Heather Morris Recalls How Late Glee Co-Star Naya Rivera Confronted Her About Eating Disorder

Glee alum Heather Morris recalled the moment Naya Rivera approached her backstage when she noticed Morris avoiding food.

By Angie Orellana Hernandez Dec 02, 2022 10:41 PMTags
Watch: Heather Morris' Message to "Glee" Fans After Naya Rivera's Passing

Heather Morris is recalling a private backstage moment she shared with late co-star Naya Rivera.

The Glee alum said Rivera—who died from an accidental drowning in 2020 at age 33—reached out to her when she noticed Morris avoiding food while they were on the Glee Live! In Concert! tour in 2010. Morris said that, at the time, she was "in a really bad place."

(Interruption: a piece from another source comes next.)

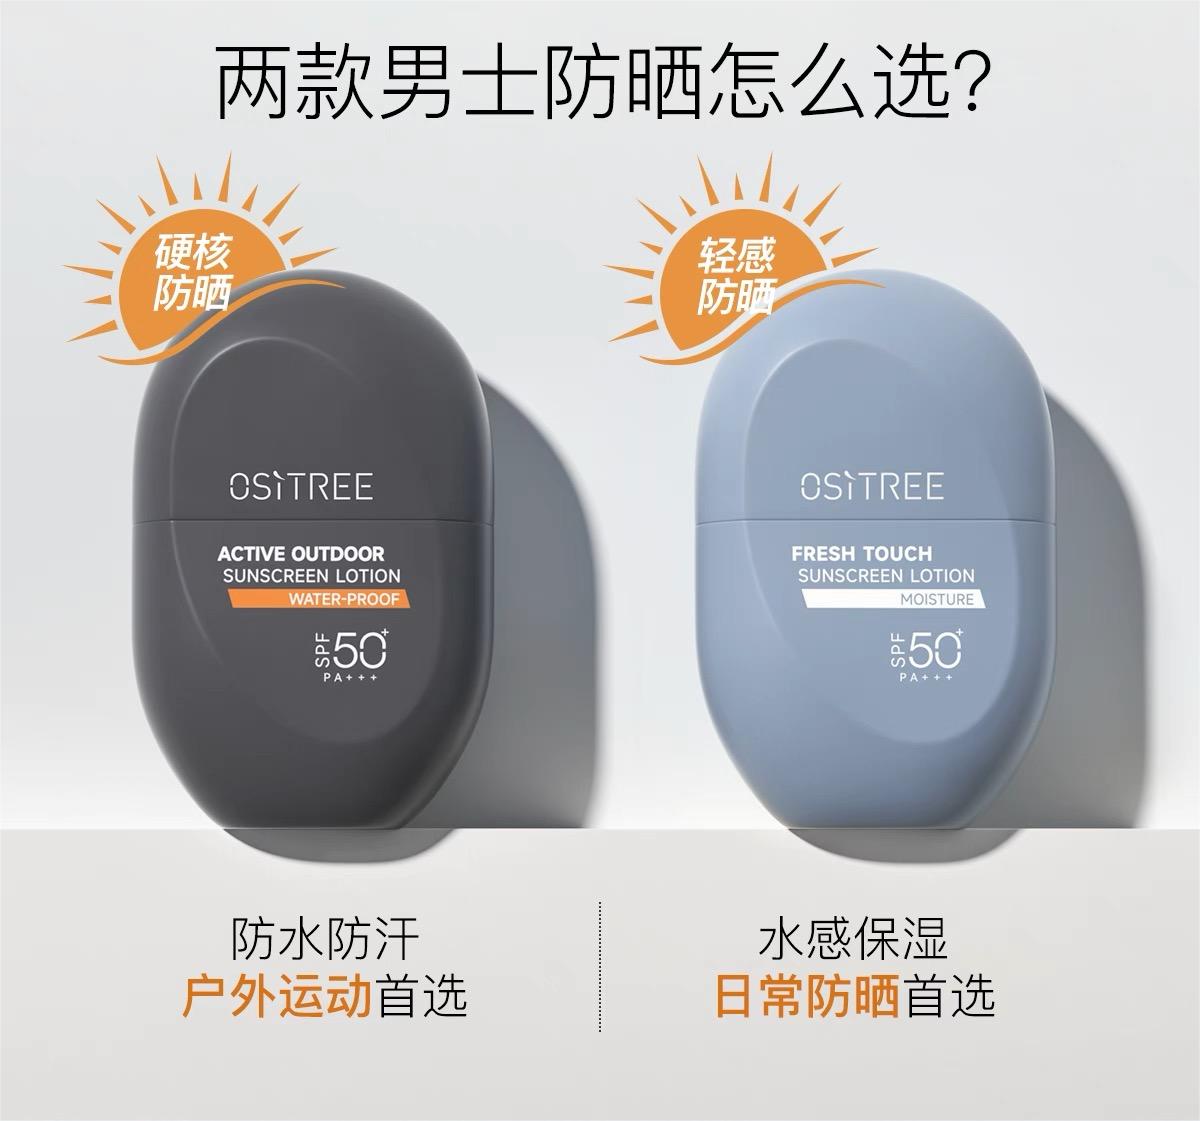 Ositree Men's Sunscreen Lotion 45g 柳丝木男士防晒乳

"When we started the tour, I had developed an eating disorder," Morris told former co-stars Kevin McHale and Jenna Ushkowitz on the And That's What You REALLY Missed podcast Nov. 30. "I stopped getting my period. I was so in my head about food and what it was doing for me and, obviously, this is just a manifestation of what my body was really going through in my mind. But I just was unhealthy. I looked at all food as bad."

Morris said there was one moment in particular during the tour that prompted their late co-star to check in on her, which she stated came from Rivera's own struggles with anorexia which she detailed in her 2016 memoir Sorry Not Sorry: Dreams, Mistakes and Growing Up.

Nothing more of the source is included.